Before you can use Amazon Cognito in your web application, you must register your app with Amazon Cognito as an app client. The IdP-initiated SAML flow can’t be enabled on one app client with the other SP-initiated authentication SAML IdPs or social IdPs. IdP-initiated SAML introduces additional risks that other SSO providers aren’t subject to. For example, it’s not possible to add a state parameter, which is usually used for cross-site request forgery (CSRF) mitigation. Because of this, you can’t add IdPs that aren’t SAML, including the user pool itself, to an app client that uses a SAML provider with IdP-initiated SSO.

To create an app client:

  1. In the Amazon Cognito console, navigate to the App integration tab for the same user pool and locate App clients. Choose Create an app client.
  2. Select an Application type. For this example, create a public client.
  3. Enter an App client name.
  4. Choose Don’t generate client secret.
  5. Keep the rest of the settings as default.
  6. Under Hosted UI settings, add Allowed callback URLs for your app client. This is where you will be directed after authentication.
  7. Choose Authorization code grant for OAuth 2.0 grant types.
  8. You can keep the remaining configuration as default and choose Create app client.

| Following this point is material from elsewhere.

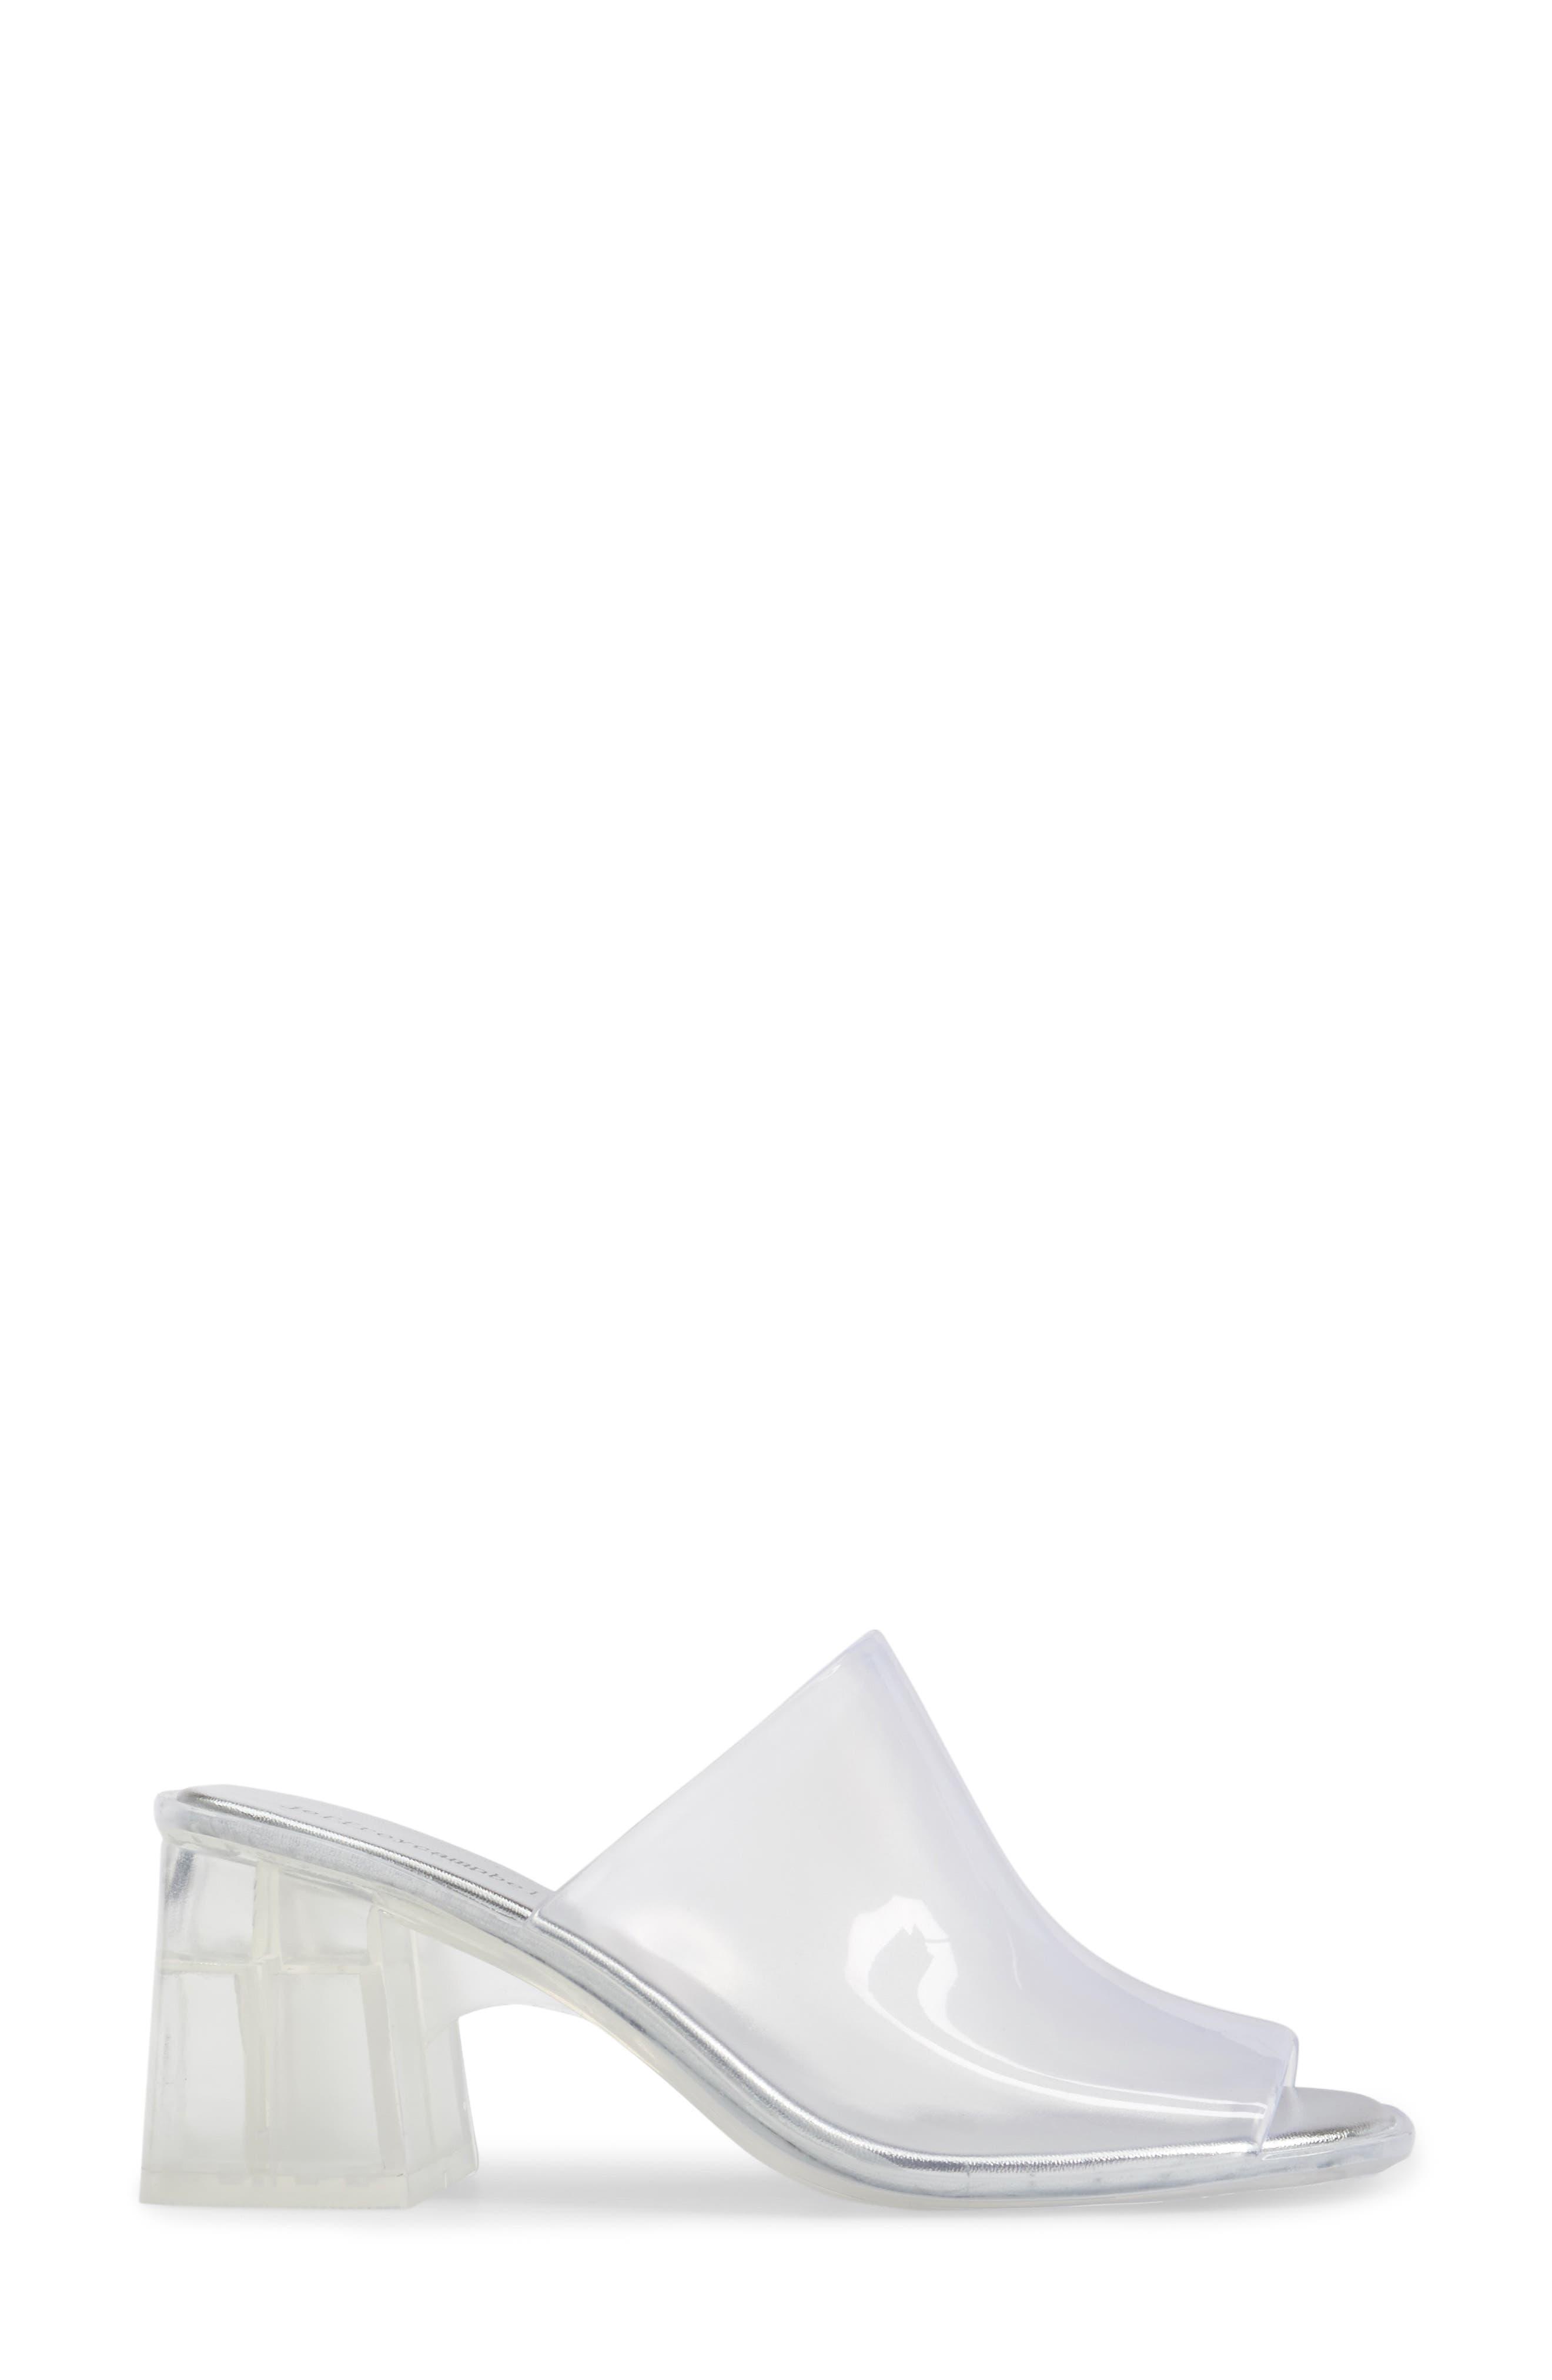 Alternate Image 3  - Jeffrey Campbell Jelly Slide Sandal (Women)

After the app client is successfully created, capture the app client ID from the App integration tab of the user pool.

Prepare information for the Entra ID setup

Prepare the Identifier (Entity ID) and Reply URL, which are required to add Amazon Cognito as an enterprise application in Entra ID (Step 3).

Create values for Identifier (Entity ID) and Reply URL according to the following formats:

For Identifier (Entity ID), the format is:
urn:amazon:cognito:sp:<yourUserPoolID>

For example: urn:amazon:cognito:sp:us-east-1_abcd1234

For Reply URL, the format is:
https://<yourDomainPrefix>.auth.<aws-region>.amazoncognito.com/saml2/idpresponse

For example: https://example-corp-prd.auth.us-east-1.amazoncognito.com/saml2/idpresponse

The reply URL is the endpoint where Entra ID will send the SAML assertion to Amazon Cognito during user authentication.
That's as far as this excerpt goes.